§ **Problem requirements**
Below are entries. Reproduce exactly the lines between the line holding "Jornadas de Estudio" and the line holding "Alternate Image 2", inclusive, and only those.

═════ Supplied records ═════

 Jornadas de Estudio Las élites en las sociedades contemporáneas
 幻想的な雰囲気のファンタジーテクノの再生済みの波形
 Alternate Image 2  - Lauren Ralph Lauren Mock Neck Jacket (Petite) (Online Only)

═════
═════ Supplied records ═════

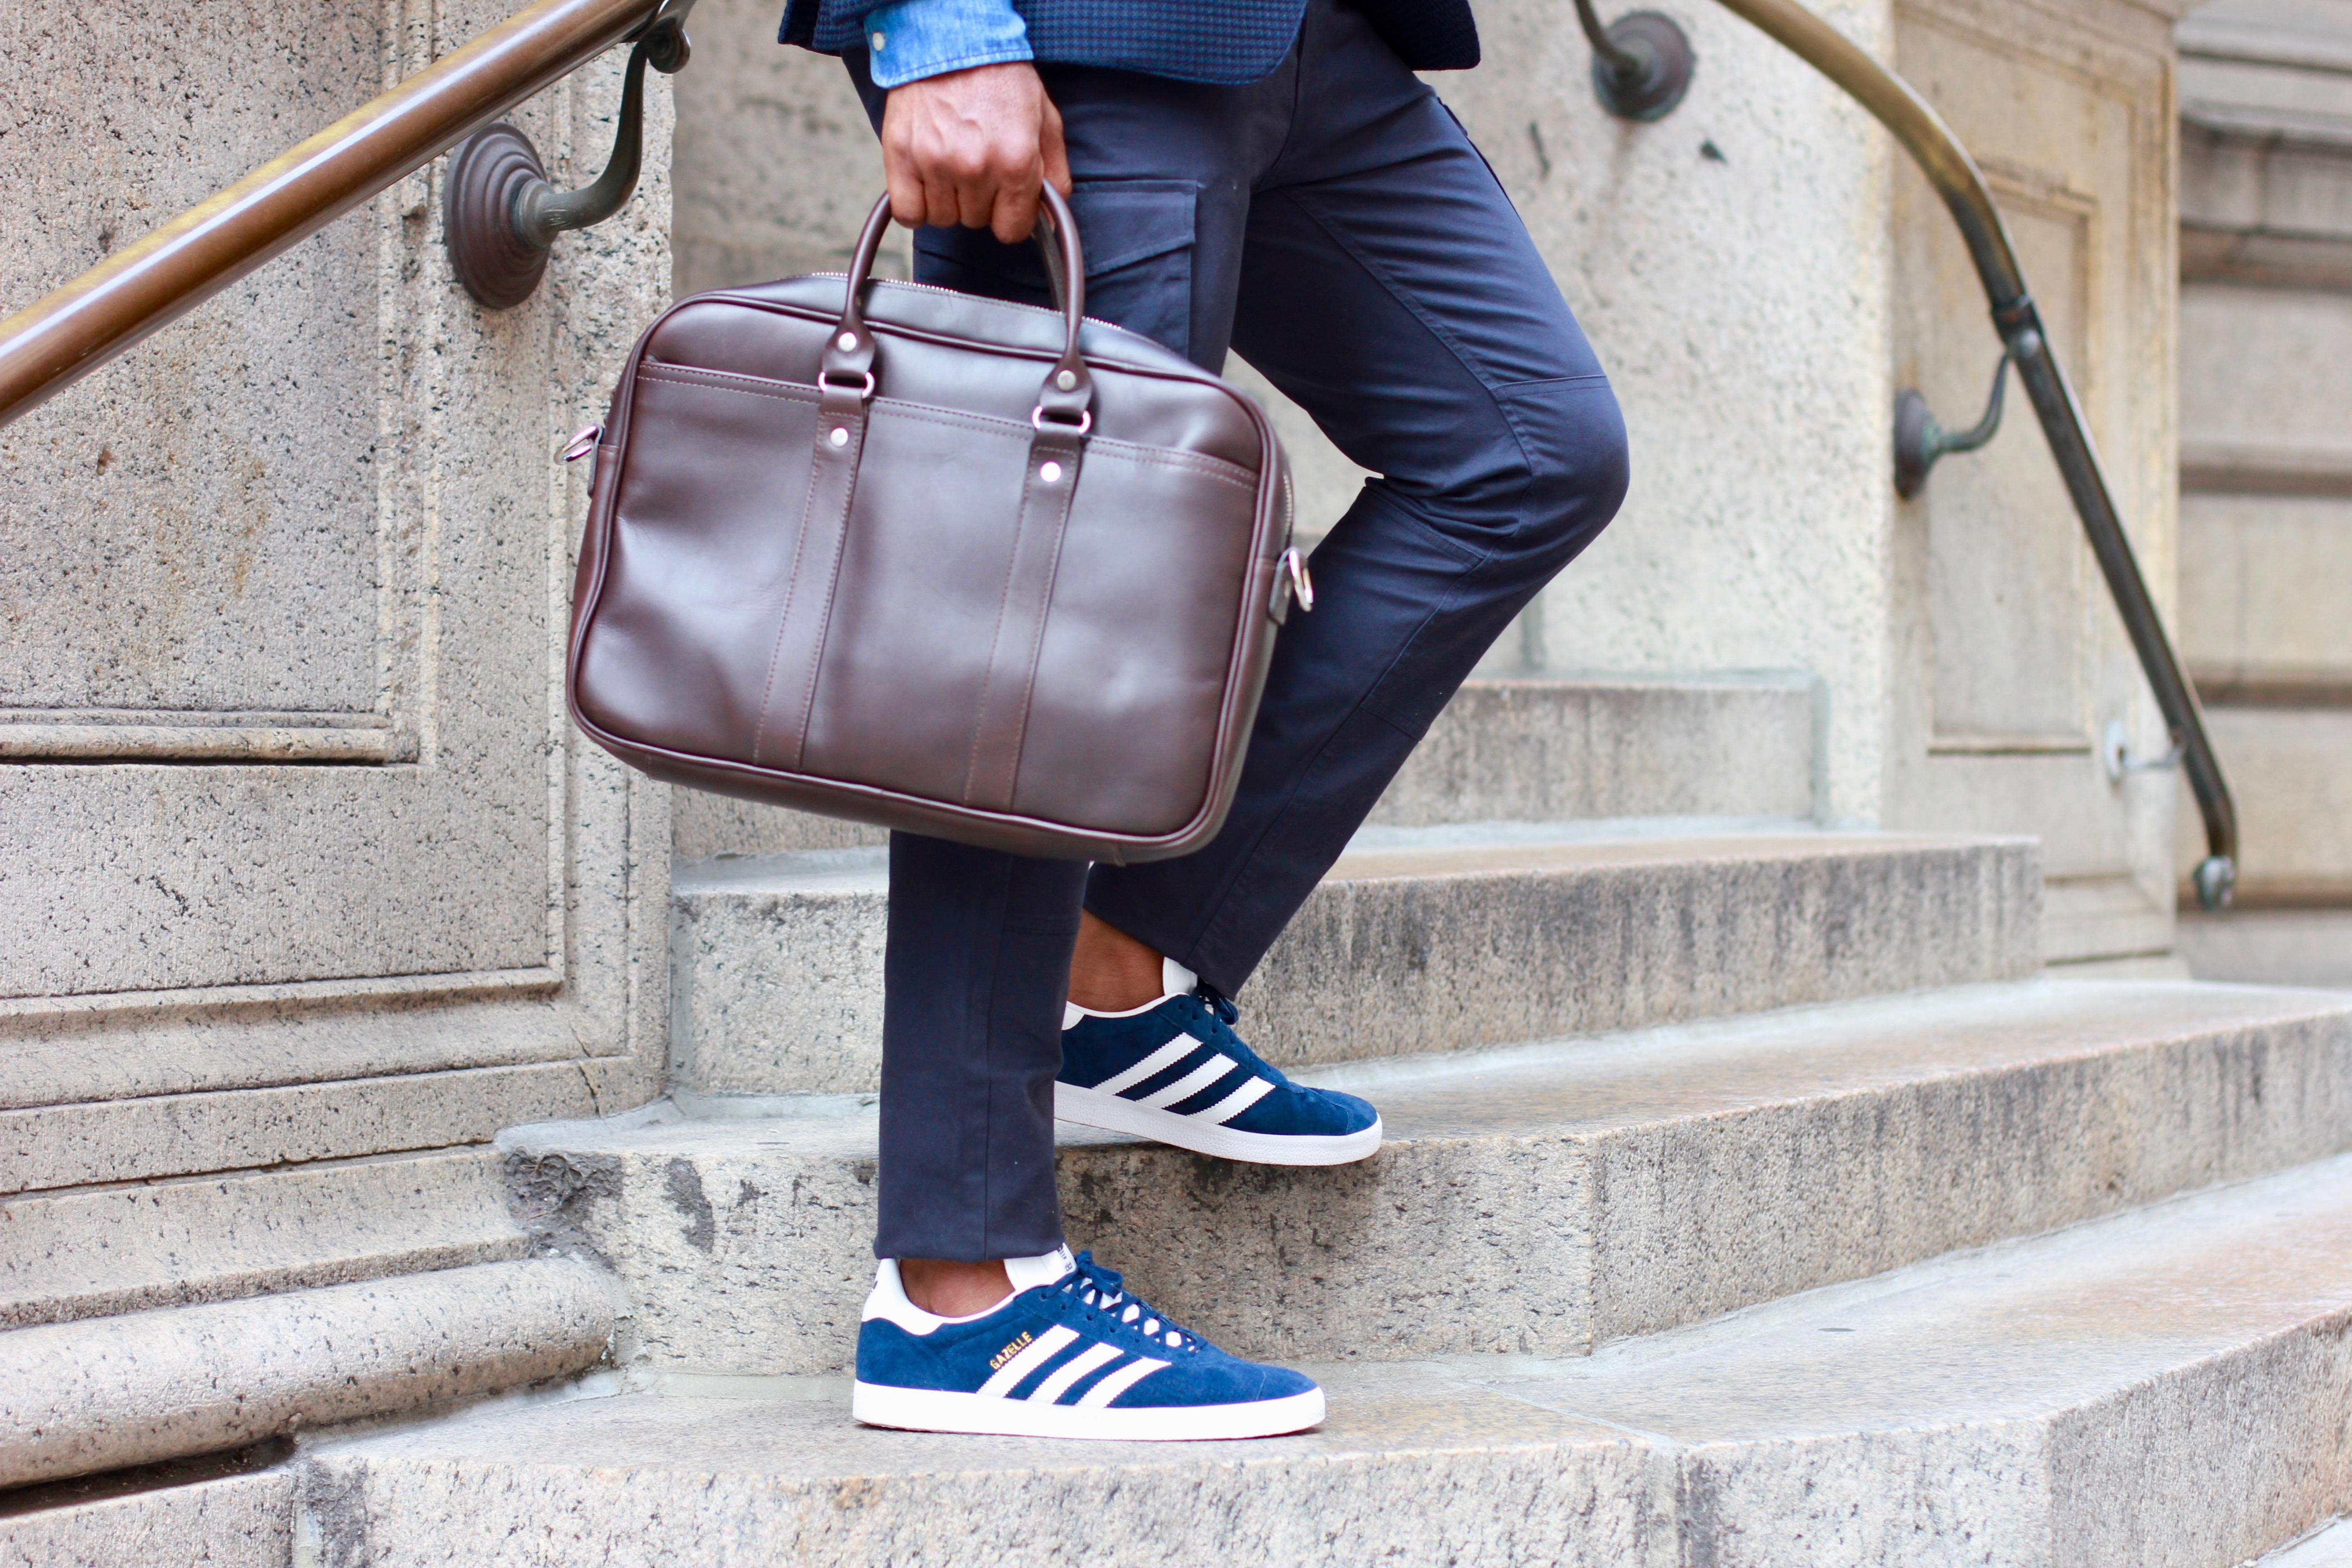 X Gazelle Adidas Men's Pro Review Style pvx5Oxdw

═════

§ **Expected answer**
 Jornadas de Estudio Las élites en las sociedades contemporáneas
 幻想的な雰囲気のファンタジーテクノの再生済みの波形
 Alternate Image 2  - Lauren Ralph Lauren Mock Neck Jacket (Petite) (Online Only)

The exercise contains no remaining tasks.